United States District Court, District of Colorado
Mar 28, 2023
Civil Action 1:21-cv-02274-CNS (D. Colo. Mar. 28, 2023)

Opinion

Civil Action 1:21-cv-02274-CNS

03-28-2023

T.E., Plaintiff, v. COMMISSIONER, Social Security Administration, Defendant.


ORDER

Charlotte N. Sweeney United States District Judge

Plaintiff T.E.seeks disability insurance benefits under Title II and supplemental security income under Title XVI of the Social Security Act for a combination of impairments related to posttraumatic stress disorder and major depressive disorder (ECF No. 1 at 1 ¶ 4). T.E. filed this lawsuit for judicial review of the final decision by the Social Security Administration Commissioner (the Commissioner) denying his benefits claim. Exercising jurisdiction under 42 U.S.C. § 405(g), the Court AFFIRMS in part and REVERSES in part the Commissioner's denial of benefits, and REMANDS for further analysis.

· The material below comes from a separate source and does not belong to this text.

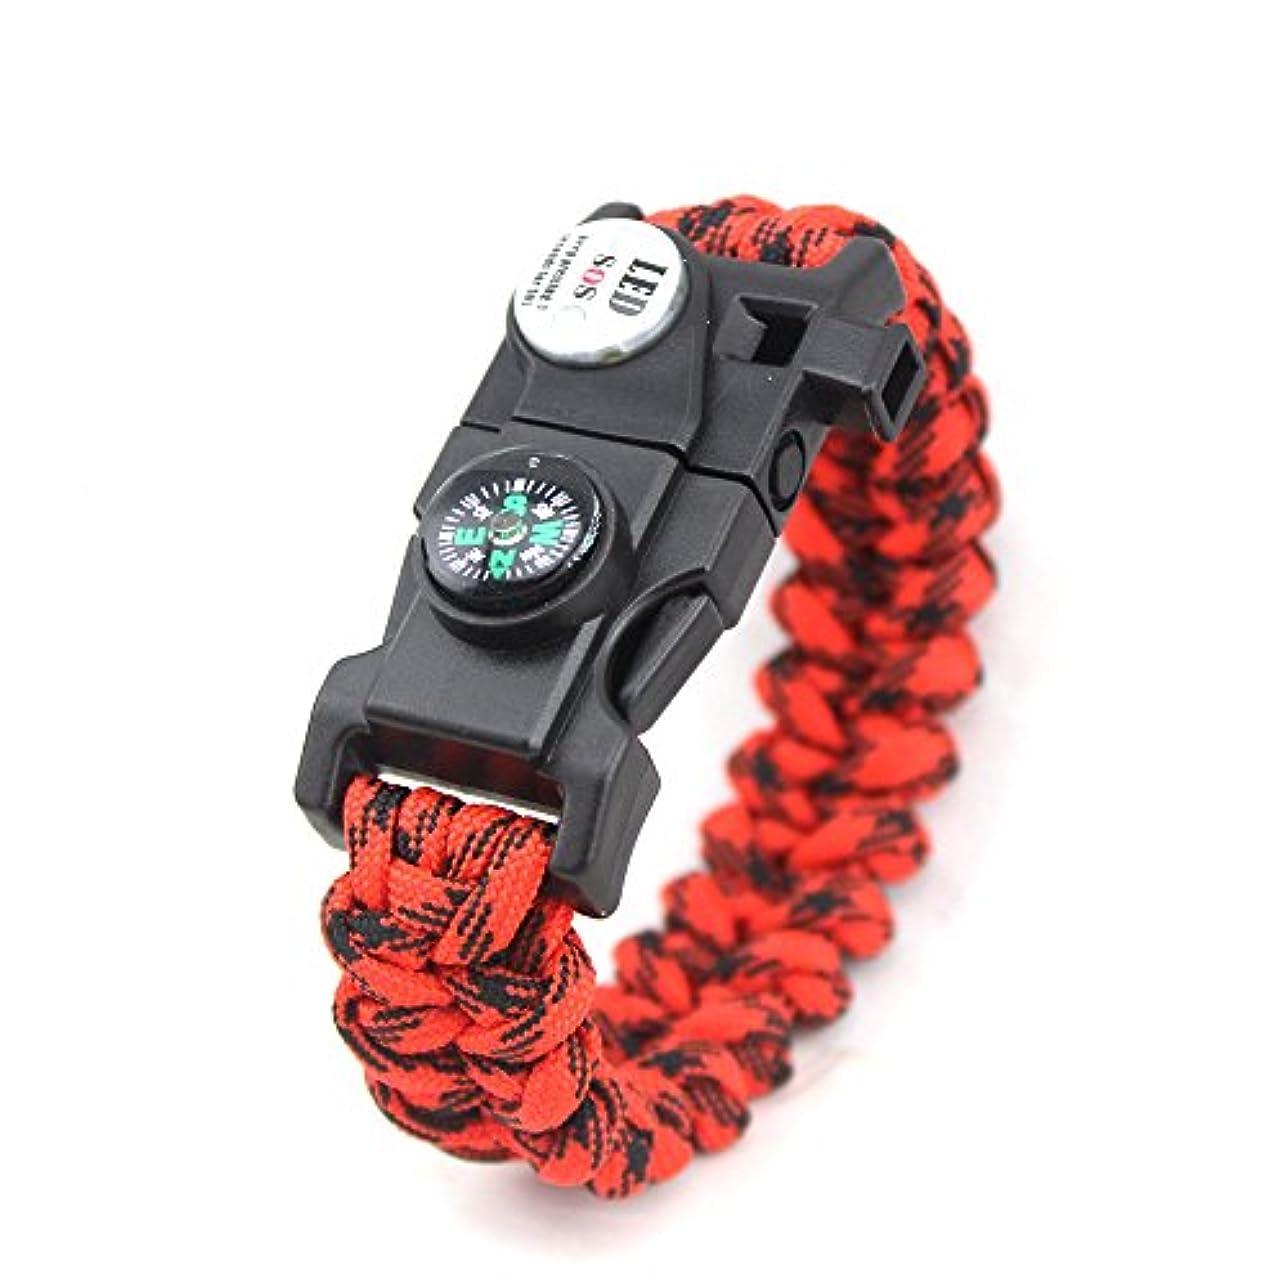 ストライド同一の再発するYAZILIND ユニセックスサバイバルブレスレット LED コンパス火災石笛

Pursuant to D.C.COLO.L.APR 5.2(b), Plaintiff T.E. is identified by his initials only.

I. BACKGROUND

A brief summary of the relevant background facts suffices. T.E. was born in 1987 (see, e.g., Administrative Record (A.R.) at 64). Throughout his life, T.E. suffered and survived various traumas (see, e.g., A.R. at 547, 758). T.E. was diagnosed with posttraumatic stress disorder, anxiety, depression, and obsessive-compulsive disorder (see A.R. at 663, 680, 822). T.E. has been seen by many physicians for complications related to these diagnoses, and takes various medications for them (see, e.g., A.R. at 502, 673-79). In February 2020, T.E. was given a psychological examination by Justin Barry, PsyD (A.R. at 757). Dr. Barry determined that the examination “suggest[ed] significant depressive and anxious symptoms interfering significantly with functioning,” and concluded that T.E. suffered from major depressive disorder (A.R. at 765-66). According to Dr. Barry, T.E. would benefit from continued psychiatric services and individual psychotherapy, “extended training opportunities for new tasks” to enhance T.E.'s understanding and learning, and that T.E. had “[s]ignificant, current difficulties in activating to work” (A.R. at 763, 767-77).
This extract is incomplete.